Goldsmith assumed that Baker would have counseled a less resolute response than Bush’s vow that Saddam’s aggression would be reversed, and he assumed also that Bush’s resoluteness was a consequence of the bracing company he was keeping. On the White House lawn before boarding the helicopter at the beginning of his trip to Aspen, Bush said ““we’re not discussing intervention [in the Gulf]. I’m not contemplating such action.’’ That was before the Iron Lady’s exhortation, delivered in Aspen: ““Remember, George, this is no time to go wobbly.''

The course of history certainly can be influenced by such contingencies, and perhaps it was then. And because Saddam Hussein has proved to be much more durable and dangerous than seemed likely in 1990, Bush’s entire conduct of the 1990-91 crisis has come under the shadow cast by his decision to end the war prematurely, before reaching Baghdad. However, the preponderance of evidence is that Bush, far from wobbling at the outset, drove the process that produced the coalition, the military buildup and victory.

Bush was the last president from a generation of leaders shaped by military service in World War II and by experience with the most dangerous years of the Cold War. Bush was one of those leaders for whom foreign policy was the primary reason for entering public life. Today’s president was formed by the anti-military culture of the 1960s’ campuses, and has only intermittent interest in foreign policy.

As the dust settles from Clinton’s conduct of the most recent crisis with Iraq, it is prudent to prepare for the next one by considering the continuing consequences of the one big blemish on Bush’s conduct of the Gulf War: rarely, if ever, has there been such a contrast between the decisiveness of a military victory and the victor’s reluctance to press his advantage, militarily or politically.

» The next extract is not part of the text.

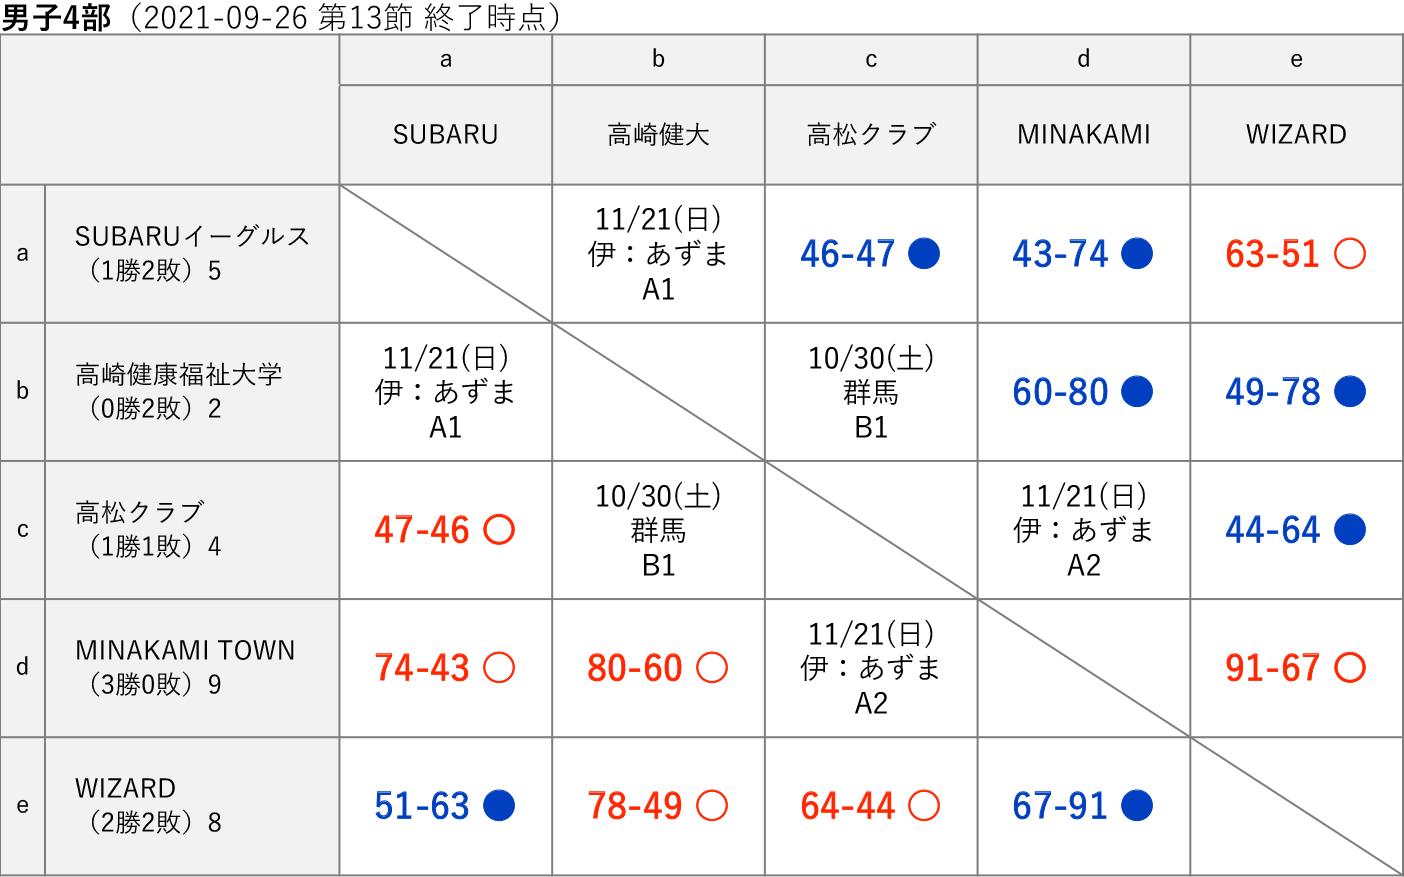 2021社会人リーグ 男子4部 星取り表(2021-09-26 第13節終了時)

The decision not to send the forces of the victorious coalition rolling to Baghdad to destroy Saddam’s regime looks today, more than ever, like a miscalculation. However, those who made it had serious reasons. The cobbling together of the coalition had been made possible by the minimal nature of the United Nations’ mandate, which authorized only the liberation of Kuwait. And even so, Bush barely won congressional compliance with that.

In 1991 the facile talk about installing in Iraq a ““MacArthur regency’’ of the sort that governed Japan presumed that there would have been an Iraq after Saddam’s repression had been shattered. The nation might have splintered, with Kurdish uprisings destabilizing Turkey and drawing Iran and Syria into feasting on Iraq’s cadaver. Today many people feel about Iraq the way a Frenchman felt about Germany in 1918: he so loved Germany, he wanted there to be many Germanys. But Bush was not wrong to be wary of regional chaos.

Today it is said that Saddam has been brought to heel and the U.N. inspection team can ““complete its job.’’ But if its job is to extinguish the threat of Iraqi weapons of mass destruction, that job cannot be finished until Saddam is. He will exploit any absence of restraints to enlarge–from scratch, if necessary–his arsenal of such weapons. That is a reasonable inference from the record.

The sanctions have cost him $100 billion in oil sales, which partially explains the decline of his conventional forces. David Wurmser, director of the Middle East program of the American Enterprise Institute, writing in The Wall Street Journal, says: ““Despite cruel penalties for desertion, about a third of the army is AWOL. Even among officers within the elite Republican Guard units, the AWOL rate is at least 17 percent.’’ For Saddam, everything is secondary to weapons of mass destruction.

Unfortunately, in the 1990s in the United States, conventional military strength is secondary to everything else. Defense spending is a paltry 3.4 percent of GDP, the lowest level since before Pearl Harbor, and is trending down. Fred Kagan, who teaches military history at West Point, writes in The Wall Street Journal that the war reduced Saddam’s army by two thirds and his tank force by half, but ““the U.S. Army has fared almost as poorly in the subsequent peace as the Iraqi army did in war.’’ In 1990, says Kagan, the Army had 11 heavy divisions; today it has six. Then it had three heavy armored cavalry regiments; today it has one. The Clinton who has recently been so rightly alarmed about dangers the nation faces should introduce himself to the Clinton who sends indefensible defense requests to Congress.

In August 1990 Bush was in Aspen with Thatcher for a conference on world affairs after the Cold War. His speech there announced that by 1995 the U.S. military would be reduced by an amount that would make problematic, if not impossible, the kind of commitment that Bush was just then making. It would be nice if this most recent crisis with Iraq–this reminder that the world remains a dangerous place–would inhibit the perennial temptation to pillage the defense budget. This vandalism is perpetrated by many members of both parties who continue to regard defense as a kind of budgetary Alaska–the last untapped source of revenues for domestic spending.

Furthermore, some good will come from Saddam’s continuing menace if it induces sobriety in those who regard the armed services primarily as institutions against which to score points in domestic ideological warfare, and in which to conduct social experiments germane to the gender wars. Saddam, so emblematic of the intractable nastiness in the world, is a reason why the military should be allowed to get on with getting ready for wars of other sorts.